The main reason Sigma chose a Blackfin ADSP-BF561 processor was because the processor offered a good balance between high performance and low power consumption. A high-performance member of the Blackfin family, the ADSP-BF561 processor comprises two independent Blackfin 600 MHz cores. Because the processor employs a dual-core symmetric multiprocessor instead of a single-core processor, performance is increased without switching processor architectures. This kind of power is ideal for mathematically intensive multimedia applications such as image processing.

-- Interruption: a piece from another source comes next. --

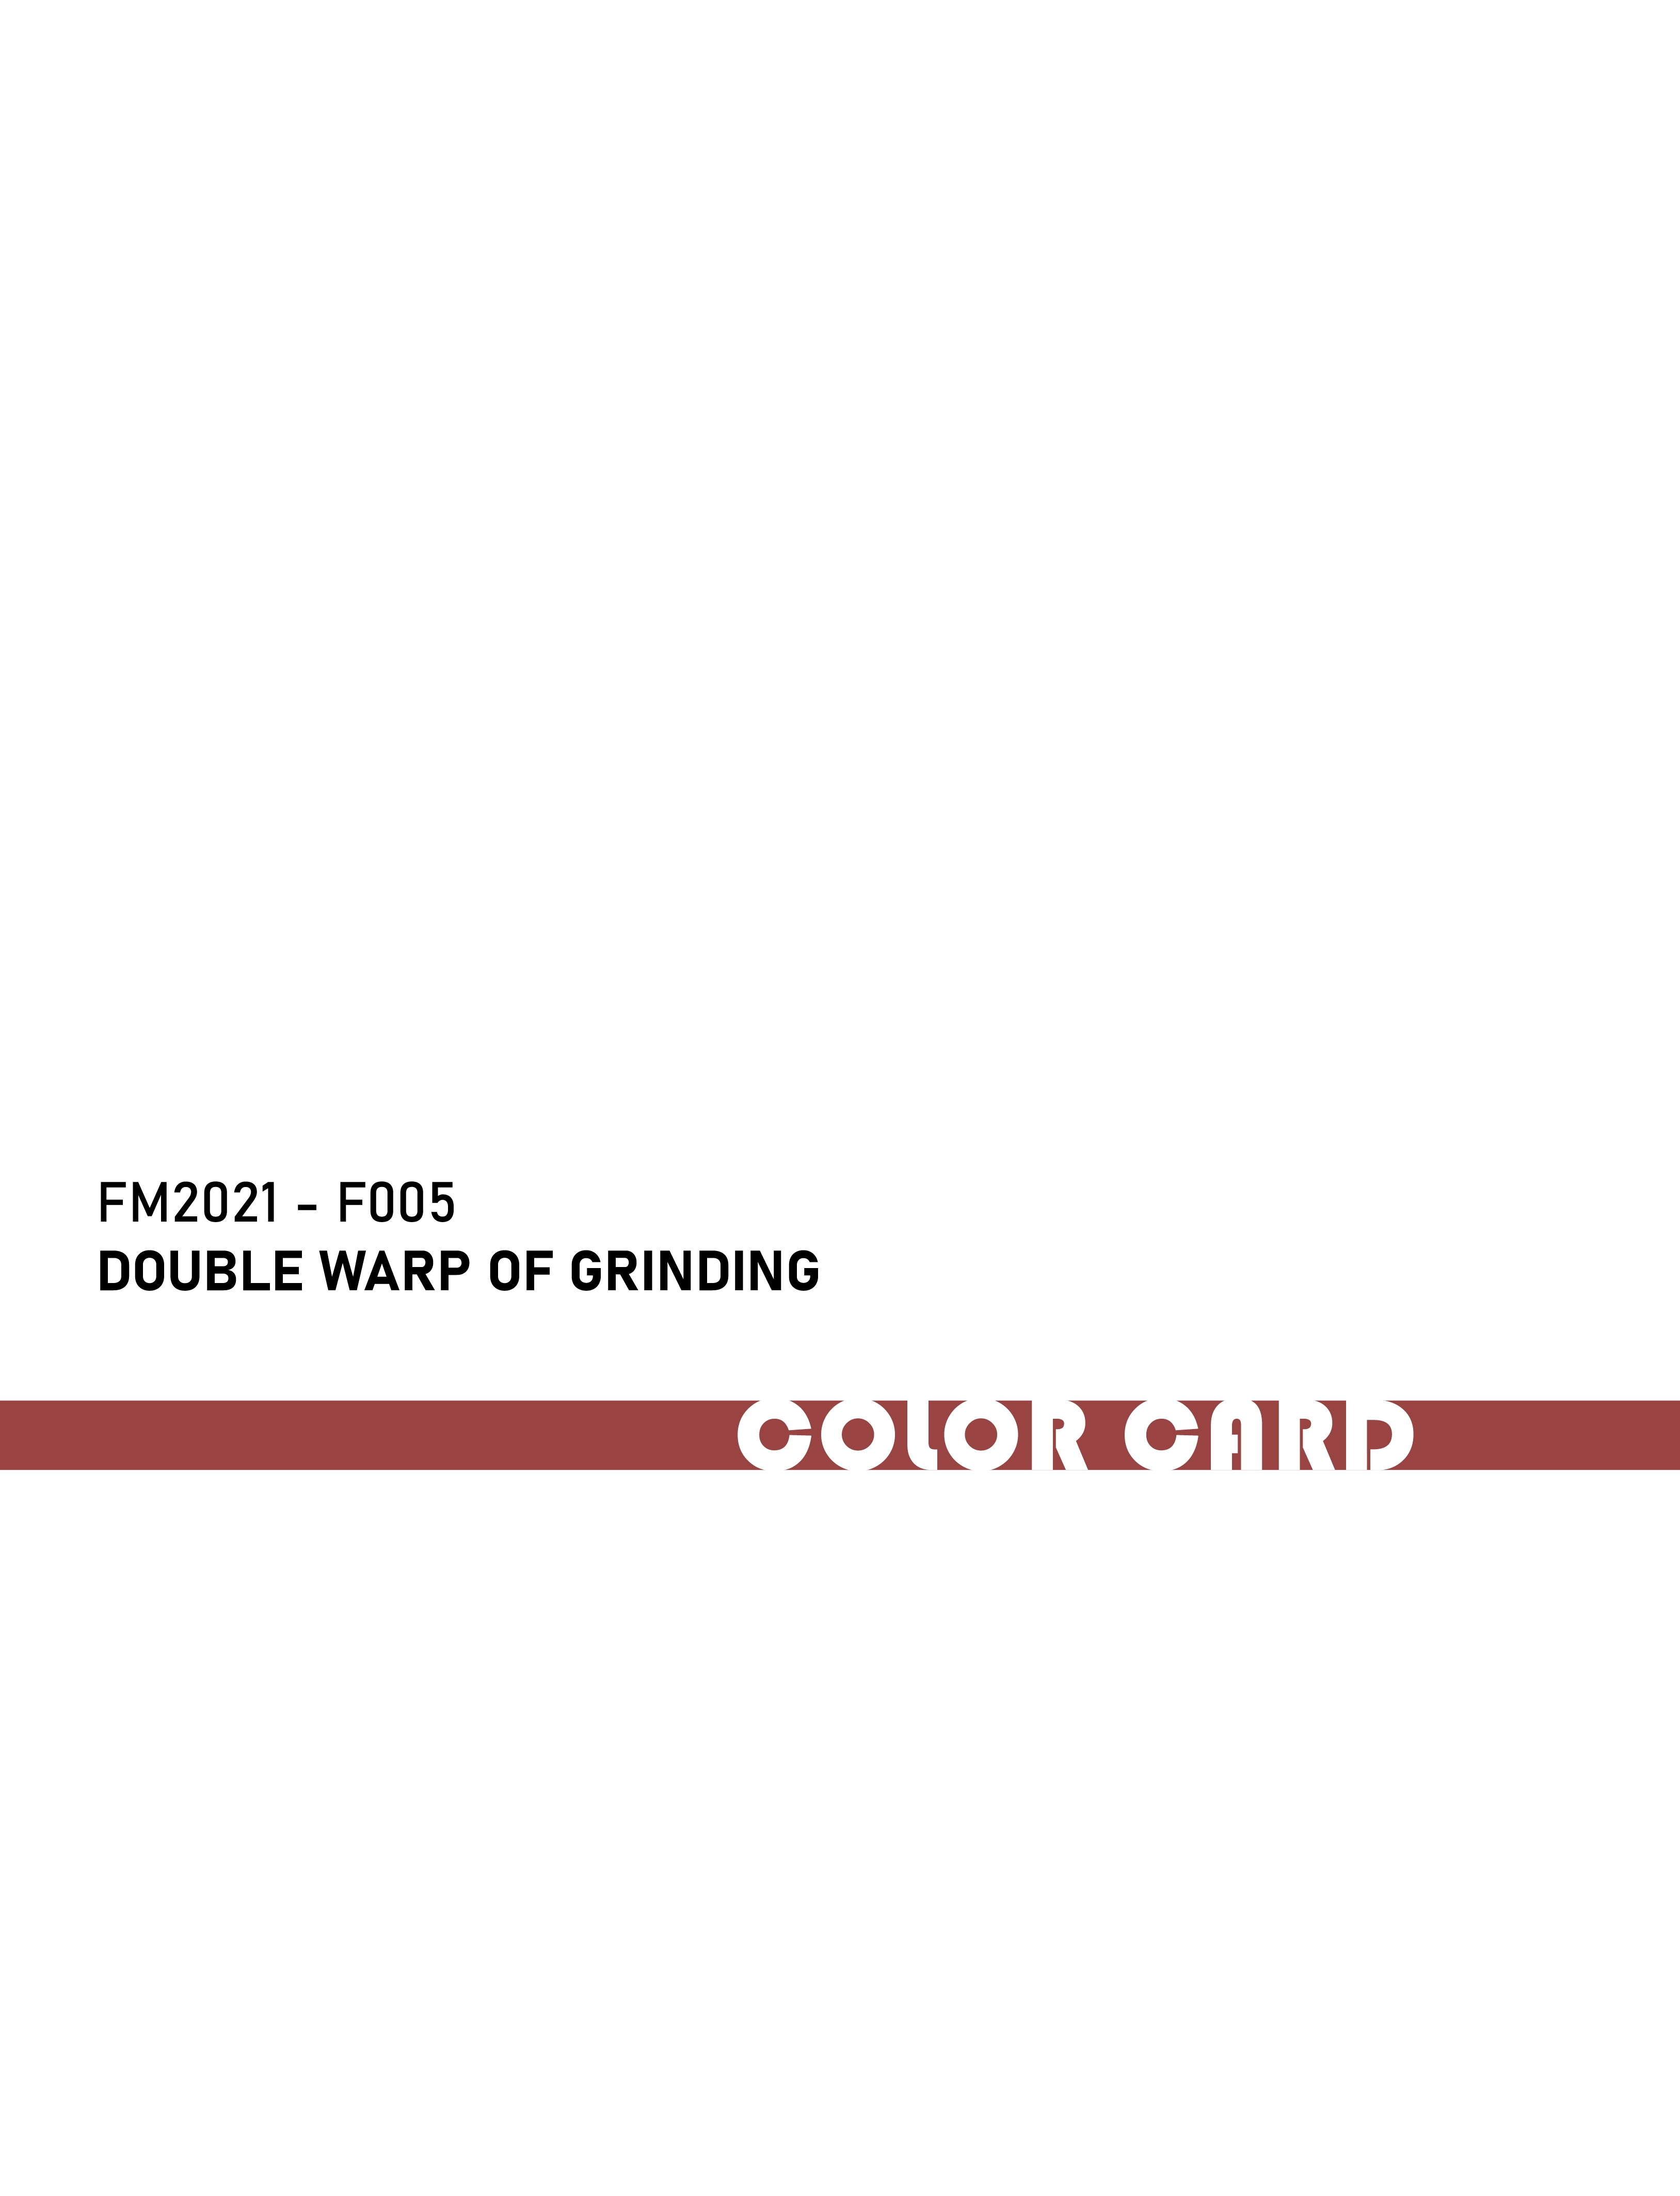 FM2021-F005 Двойная обертка шлифования

For development tools, Sigma used ADI's VisualDSP++ integrated development and debugging environment (IDDE) to optimize its image processing algorithms. VisualDSP++ enables efficient management of projects from start to finish from within a single interface. It allows developers to move quickly and easily between editing, building, and debugging activities. Key features of VisualDSP++ include native C/C++ compilers, advanced graphical plotting tools, statistical profiling, and the VisualDSP++ Kernel (VDK), which allows code to be implemented in a structured easy-to-scale manner.
Another key reason Sigma chose a Blackfin processor was for its low power attributes. When portable battery-powered applications, such as Sigma's SD14 SLR Digital camera, need to run for a long period of time, the low power states of Blackfin processors can be very effective. By using the on-chip power management features such as the programmable voltage regulator, PLL, and low power modes, developers can maximize battery life by using only as much processing power as required.
Blackfin ADSP-BF561 processors provide additional options for power management because the processor contains two identical cores. Dual-core Blackfin processors contain large amounts of on-chip memory 328K bytes along with data paths and direct memory access (DMA) controllers sized to handle shared processing loads. As such, traditional processing-intensive applications can be split equally to run on each of the two cores with no loss of efficiency. Applications can therefore run at half the frequency of a single-core system, and the processor core voltages can be dropped.
Without question, the Sigma SD14 Digital SLR camera, with its three-layer, full-color image sensor, is a groundbreaking product. And with the image processing muscle of Blackfin, this digital camera is about to set a whole new standard for image quality.